Scientific classification
- Kingdom: Animalia
- Phylum: Mollusca
- Class: Gastropoda
- Subclass: Caenogastropoda
- Order: Neogastropoda
- Superfamily: Conoidea
- Family: Conidae
- Genus: Conus
- Species: C. micropunctatus
- Binomial name: Conus micropunctatus Rolán & Röckel, 2000
- Synonyms: Conus (Lautoconus) micropunctatus Rolán & Röckel, 2000 · accepted, alternate representation; Varioconus micropunctatus (Rolán & Röckel, 2000);

= Conus micropunctatus =

- Authority: Rolán & Röckel, 2000
- Conservation status: LC
- Synonyms: Conus (Lautoconus) micropunctatus Rolán & Röckel, 2000 · accepted, alternate representation, Varioconus micropunctatus (Rolán & Röckel, 2000)

Species of sea snail

Conus micropunctatus is a species of sea snail, a marine gastropod mollusk in the family Conidae, the cone snails and their allies.

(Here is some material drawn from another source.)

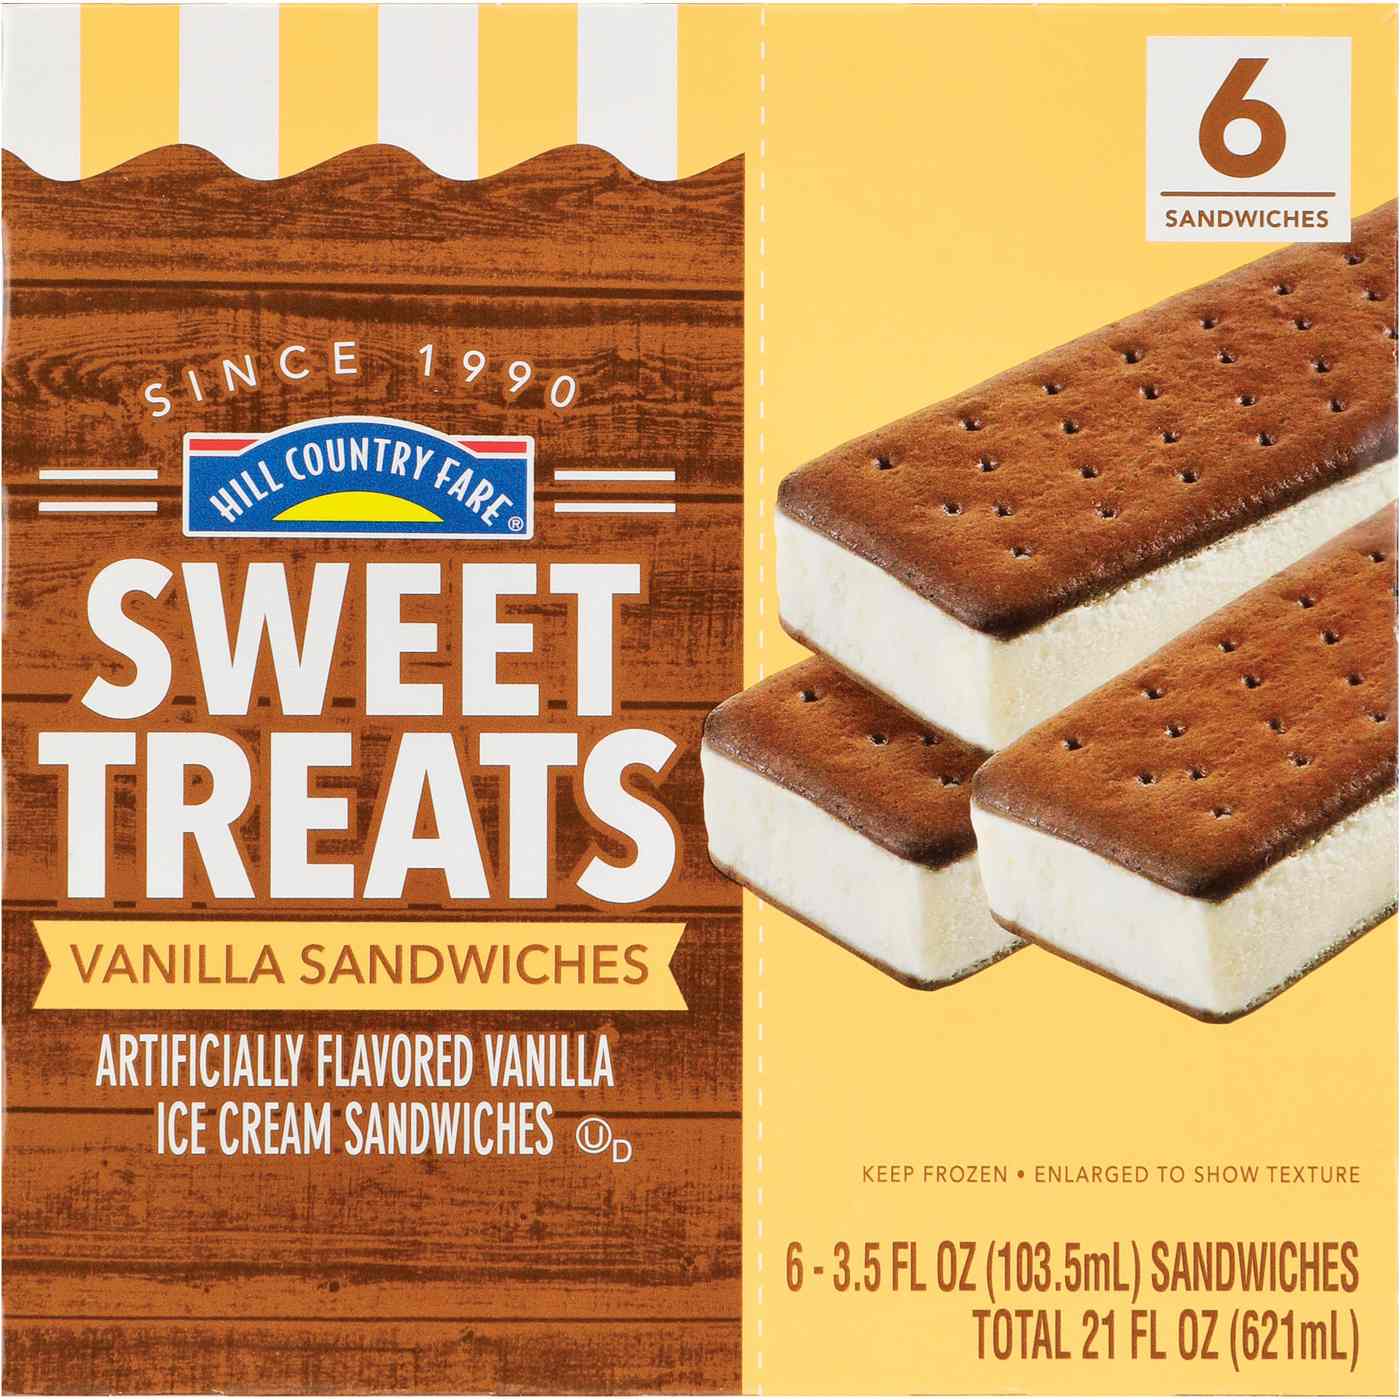 Hill Country Fare Sweet Treats Vanilla Ice Cream Sandwiches; image 1 of 2

Like all species within the genus Conus, these snails are predatory and venomous. They are capable of stinging humans, therefore live ones should be handled carefully or not at all.

==Description==

The size of the shell varies between 15 mm and 35 mm.
==Distribution==
This species occurs in the Atlantic Ocean off Angola.